_WHAT YOU WILL DO_
When you reach the line containing "coquillette coquette diy", begin reproducing the lines exactly and continue through the end of the listing, leaving out the pictures.

_DATA SEGMENT_
____
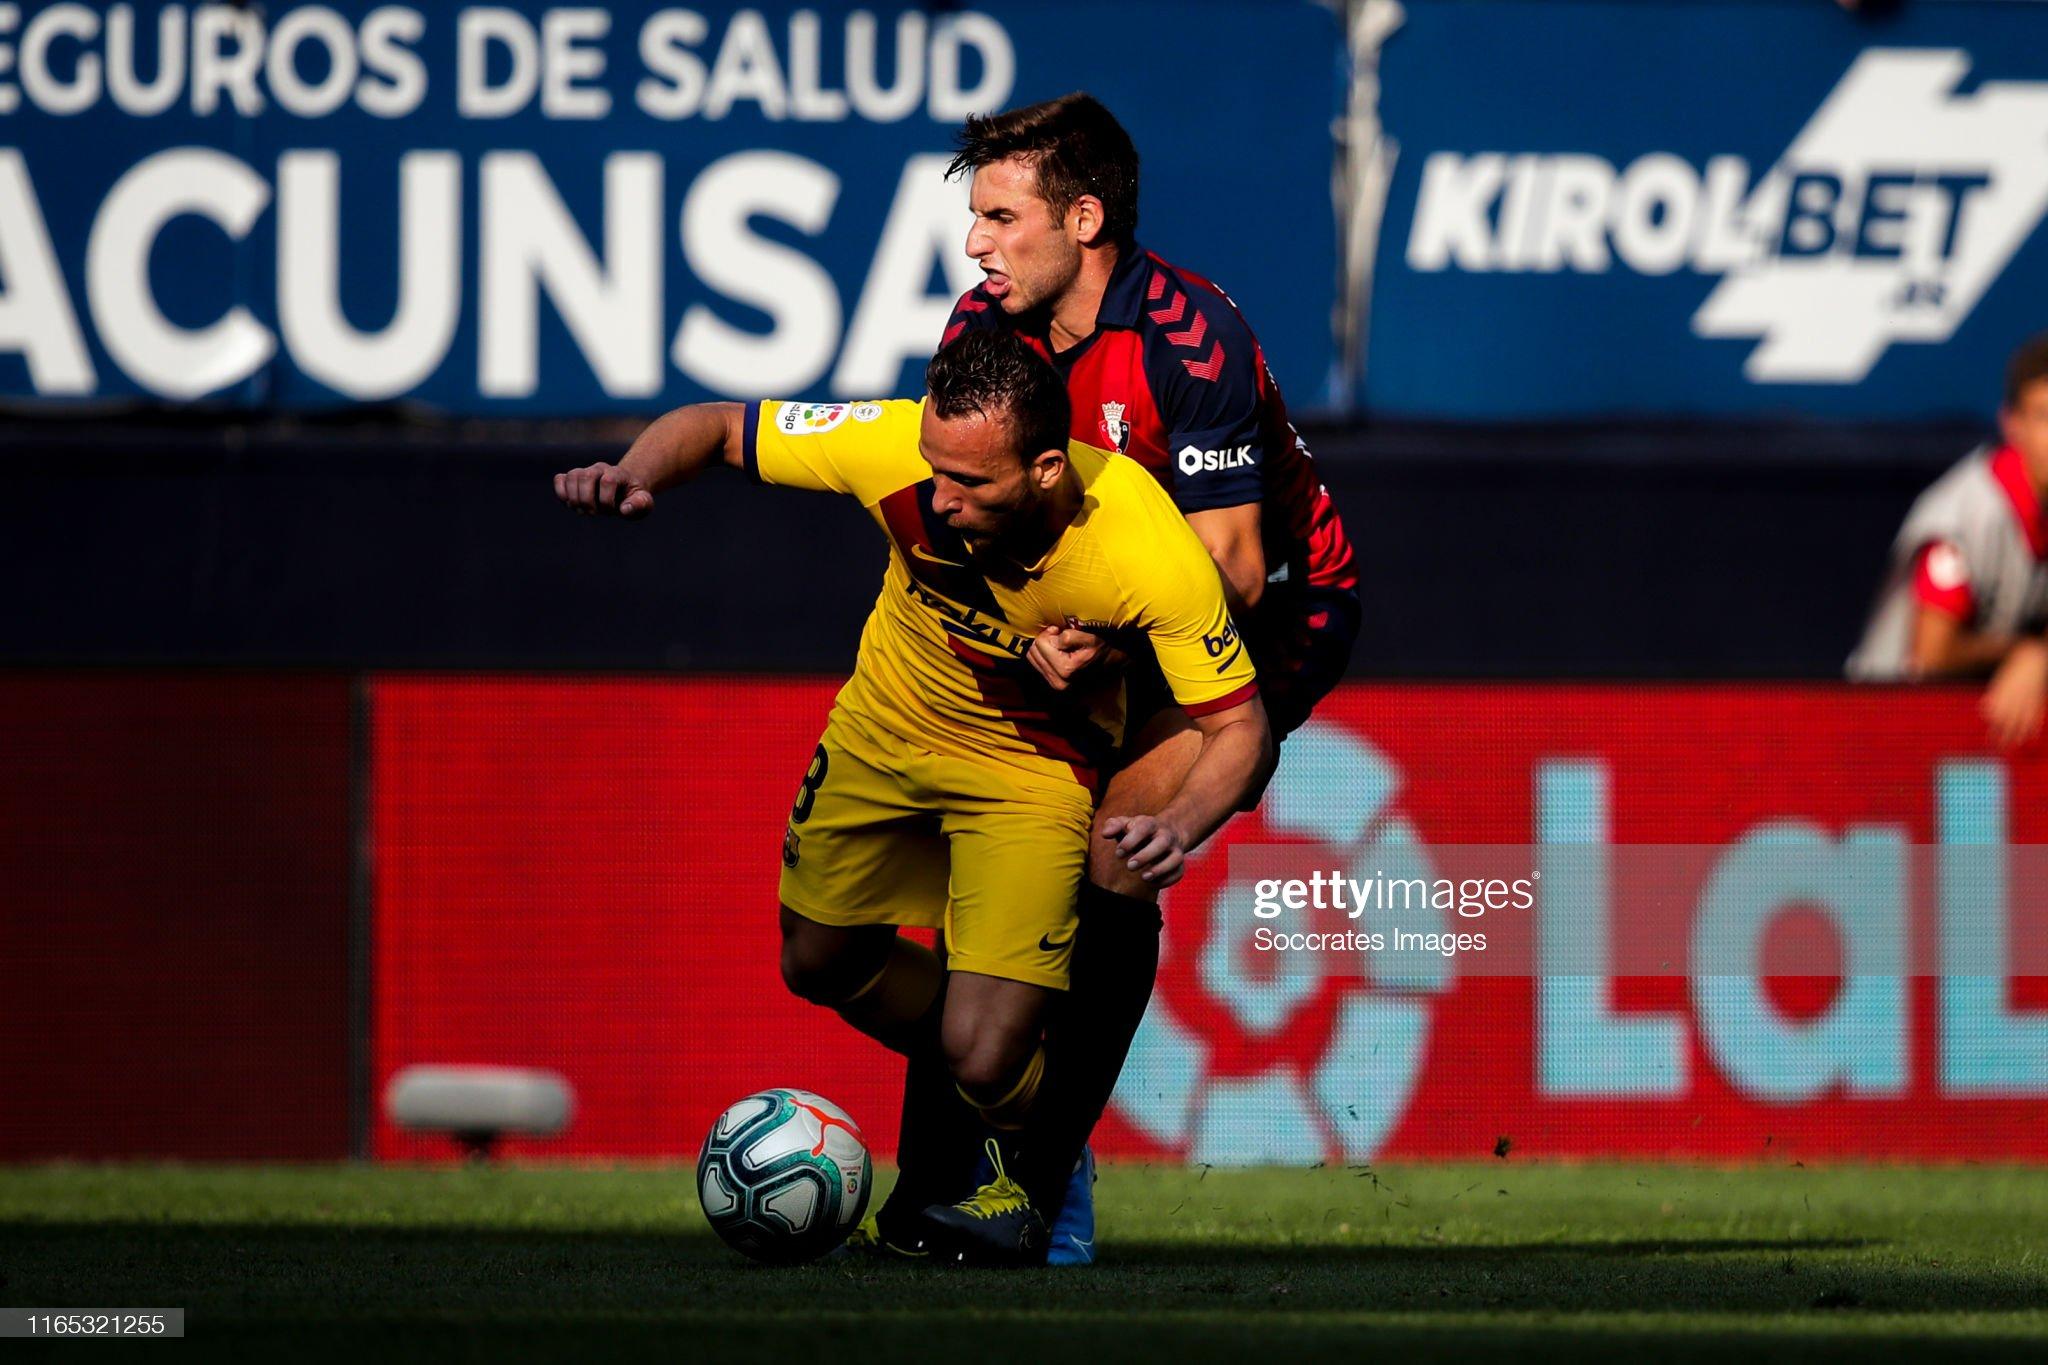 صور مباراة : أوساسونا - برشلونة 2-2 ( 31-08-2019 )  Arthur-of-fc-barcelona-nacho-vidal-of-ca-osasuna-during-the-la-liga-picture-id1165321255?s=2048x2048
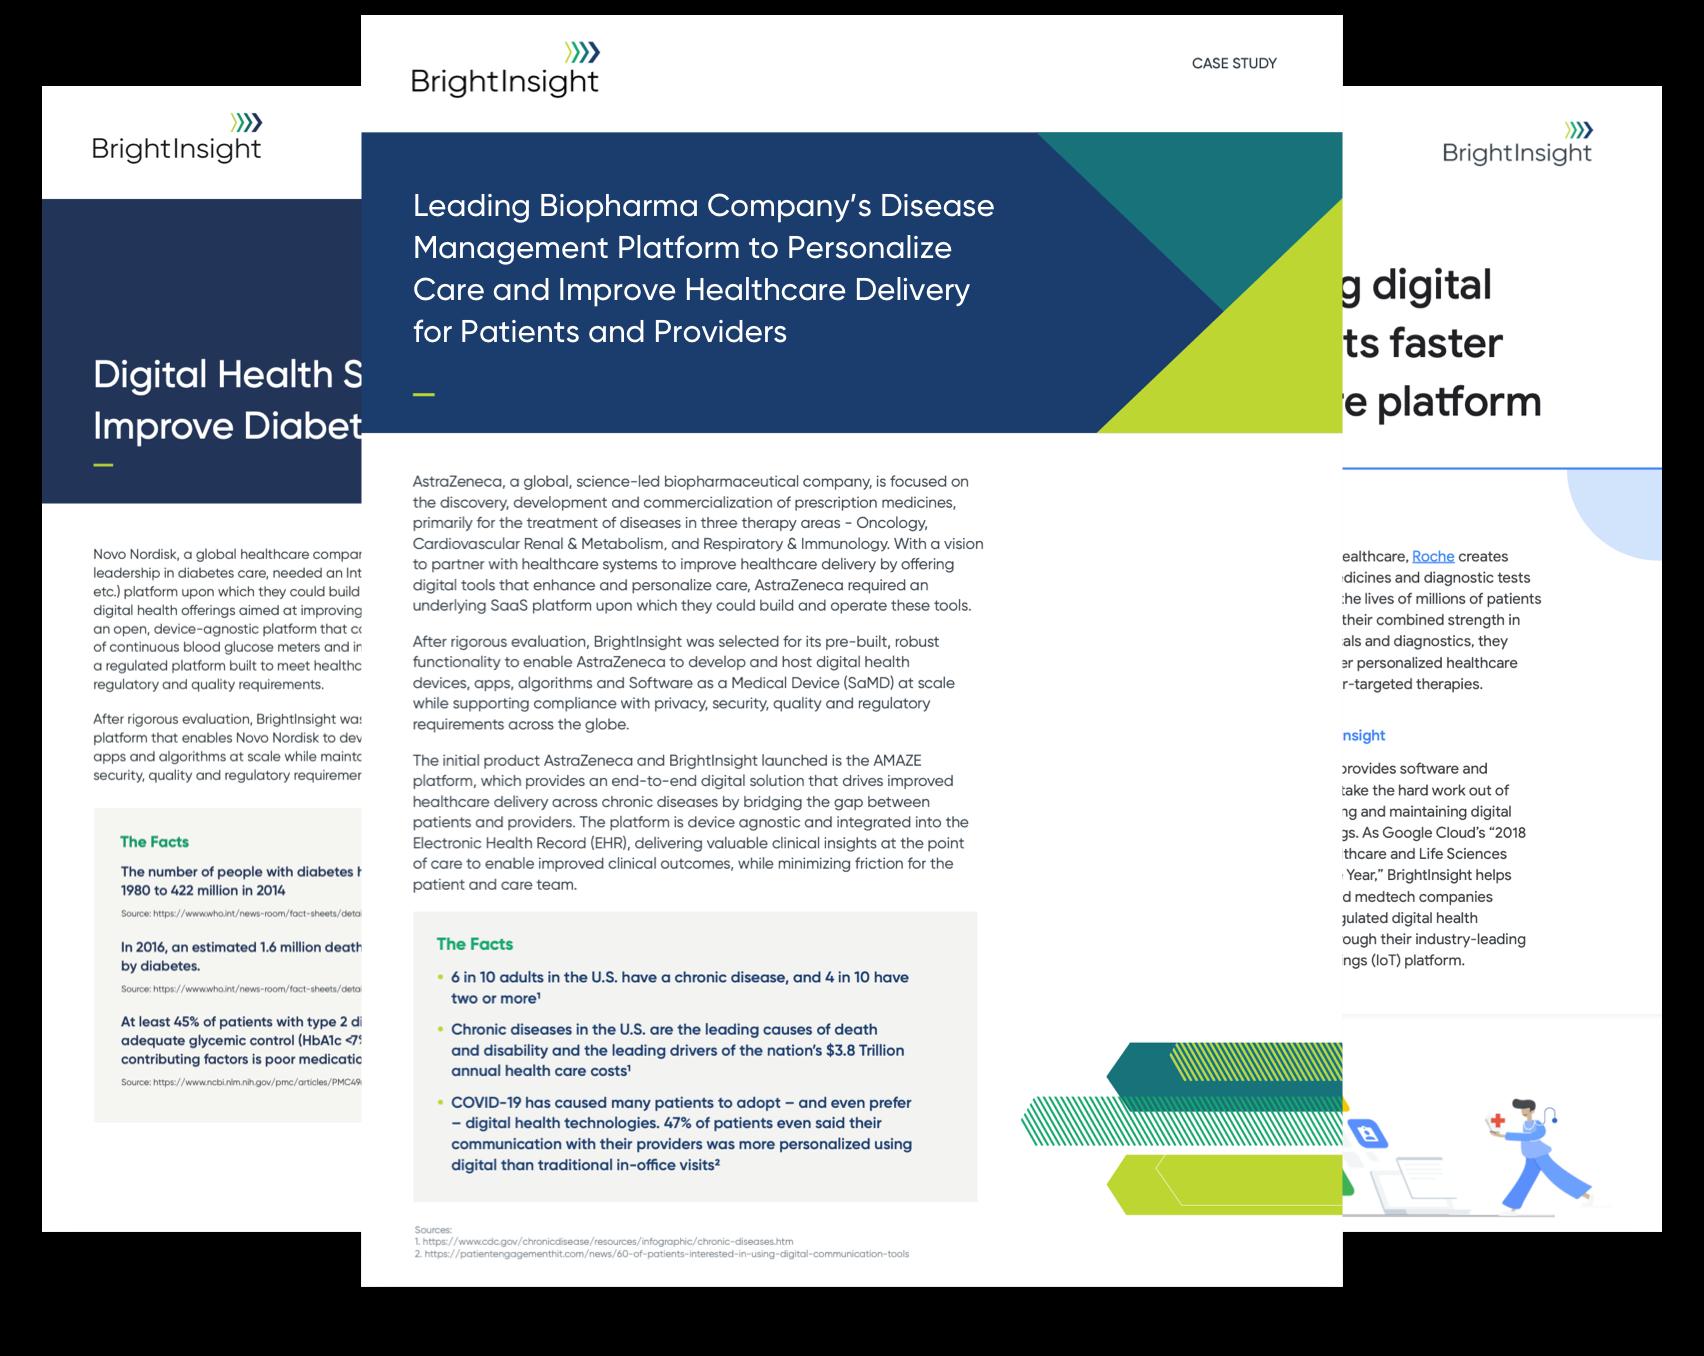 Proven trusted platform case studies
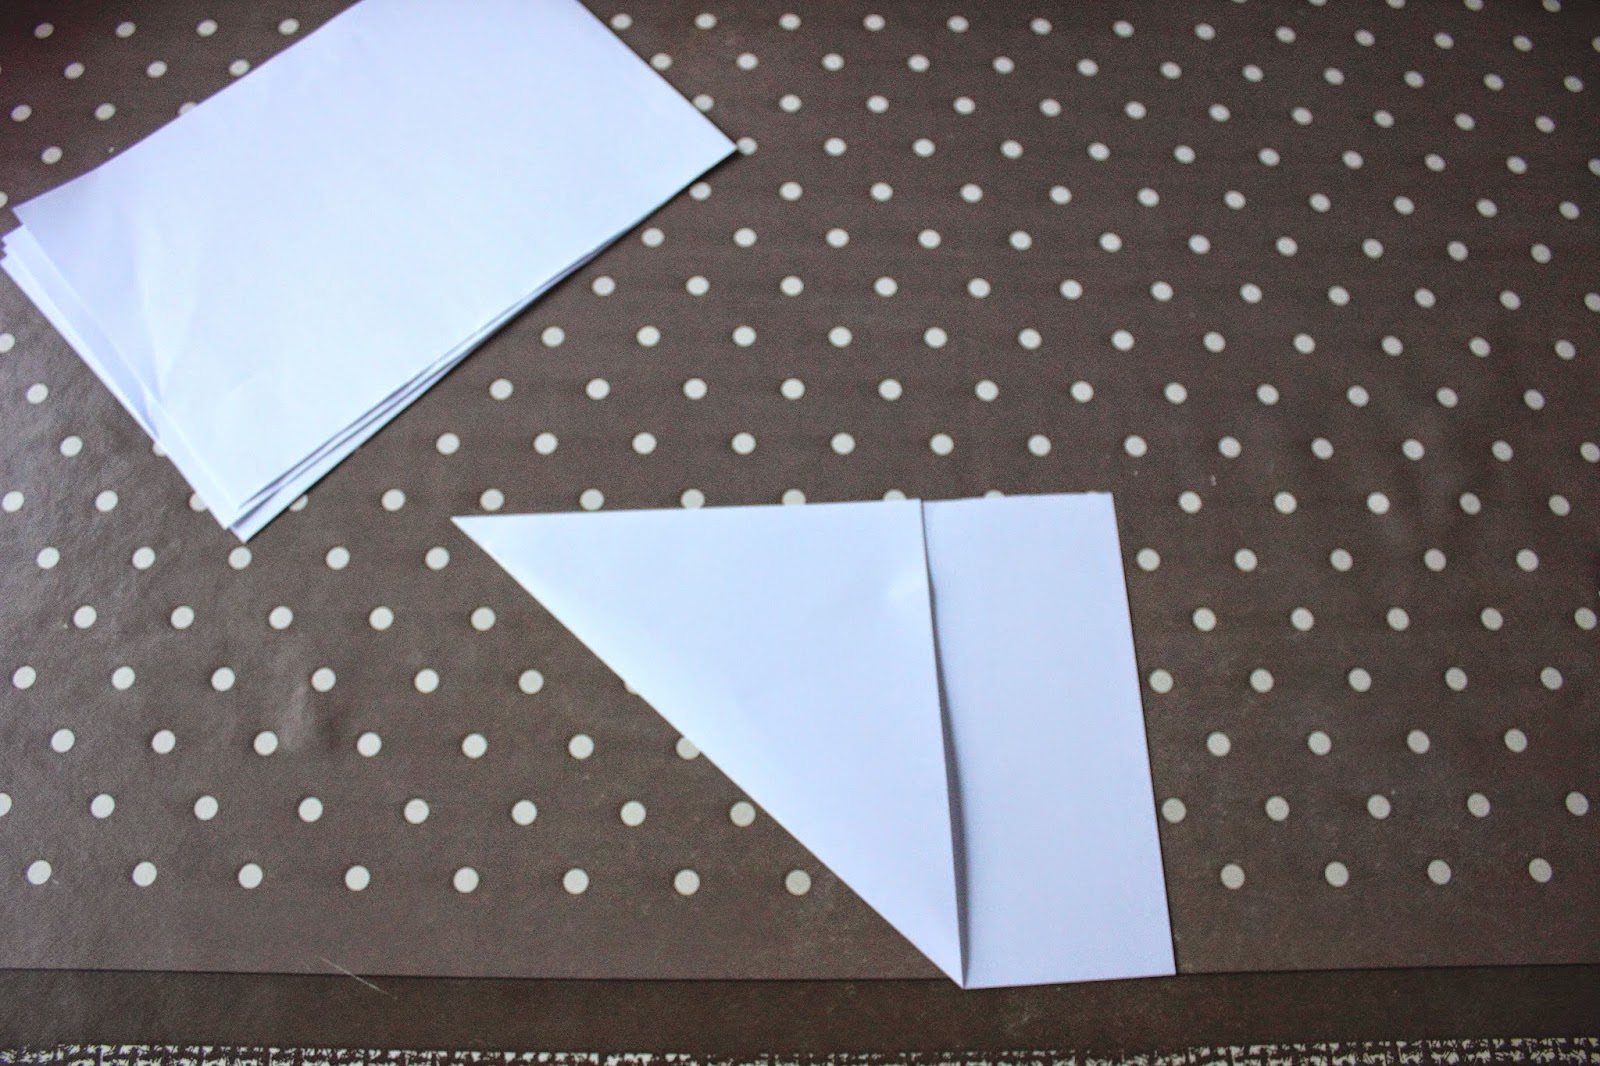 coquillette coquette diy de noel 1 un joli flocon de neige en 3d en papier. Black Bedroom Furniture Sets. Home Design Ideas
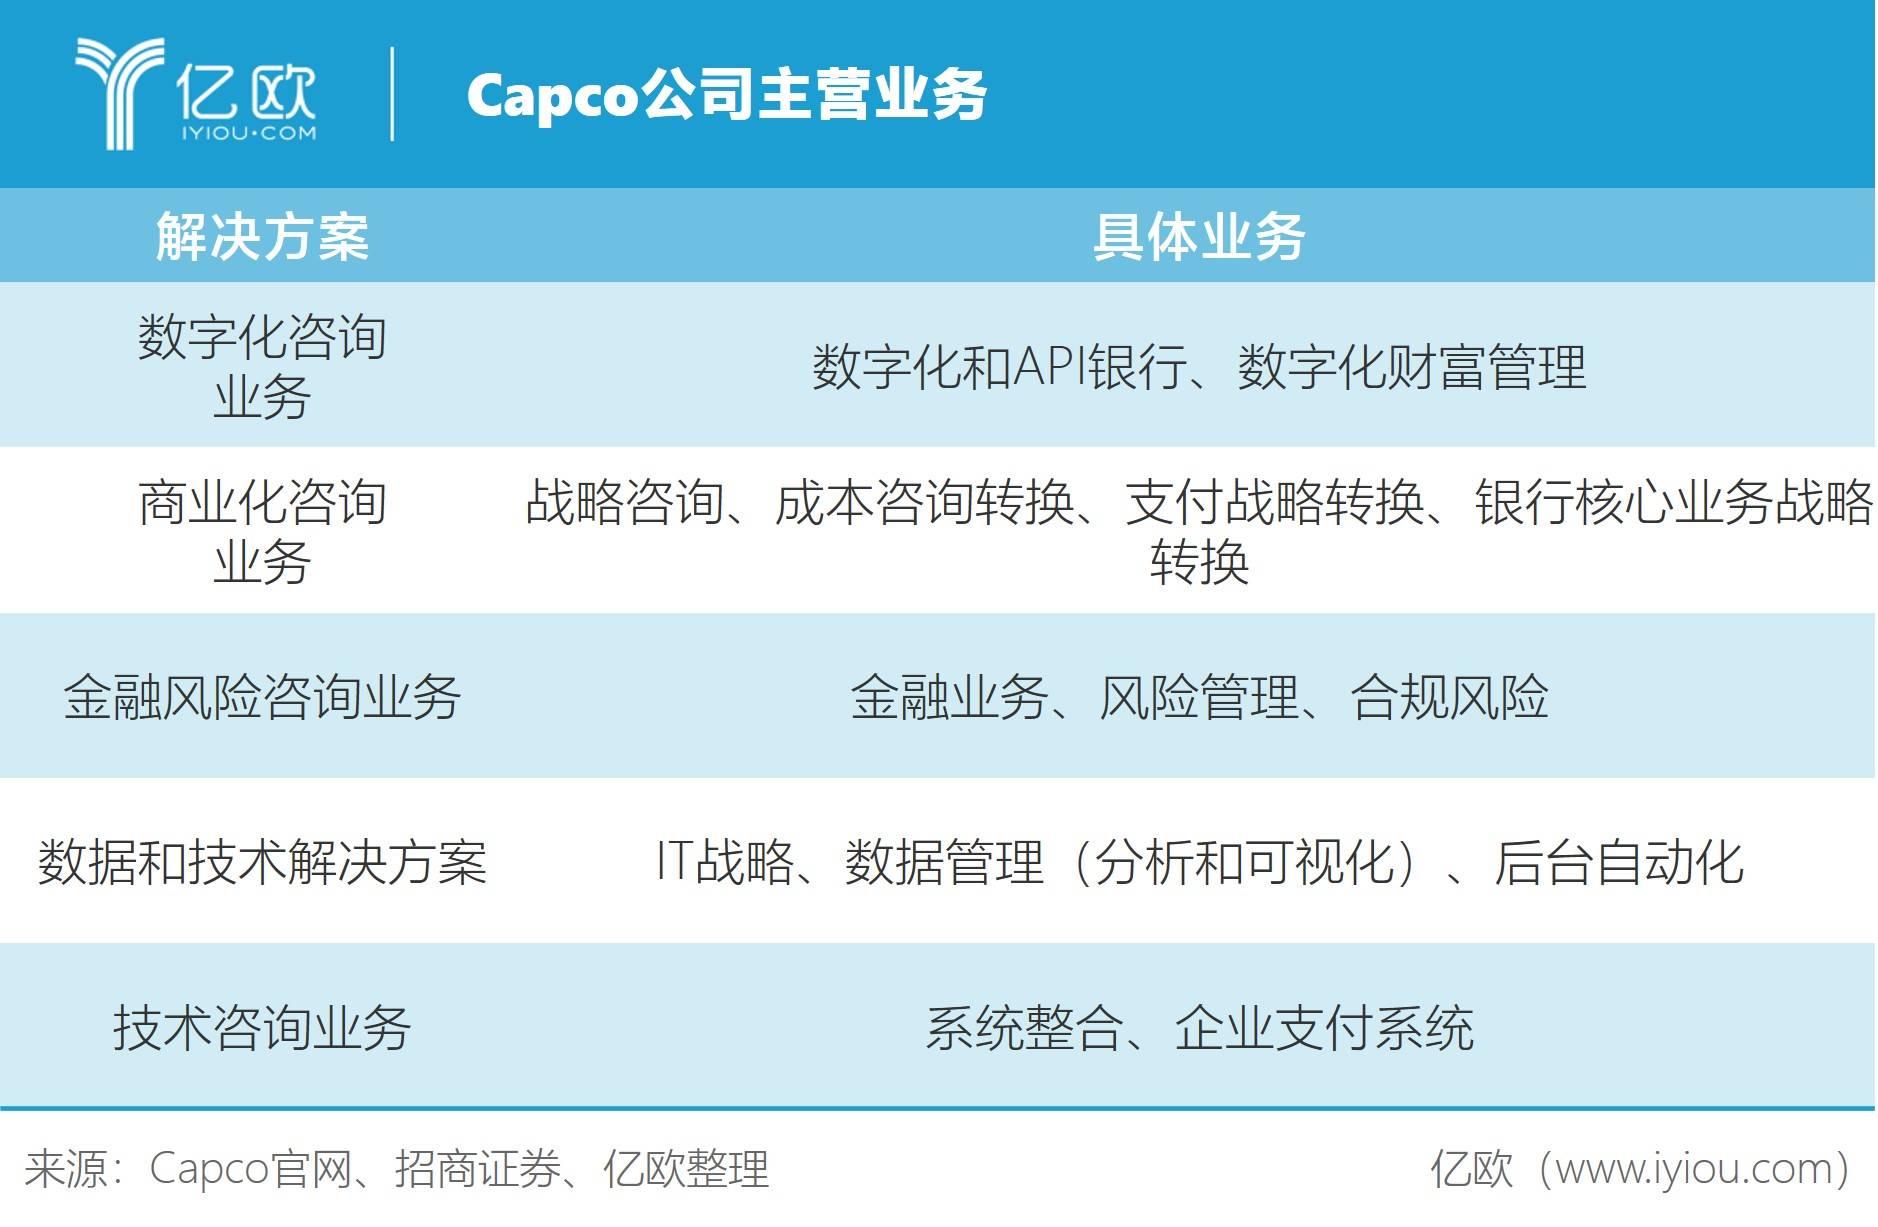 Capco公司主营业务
____
_ANSWER SPACE_
 coquillette coquette diy de noel 1 un joli flocon de neige en 3d en papier. Black Bedroom Furniture Sets. Home Design Ideas
 Capco公司主营业务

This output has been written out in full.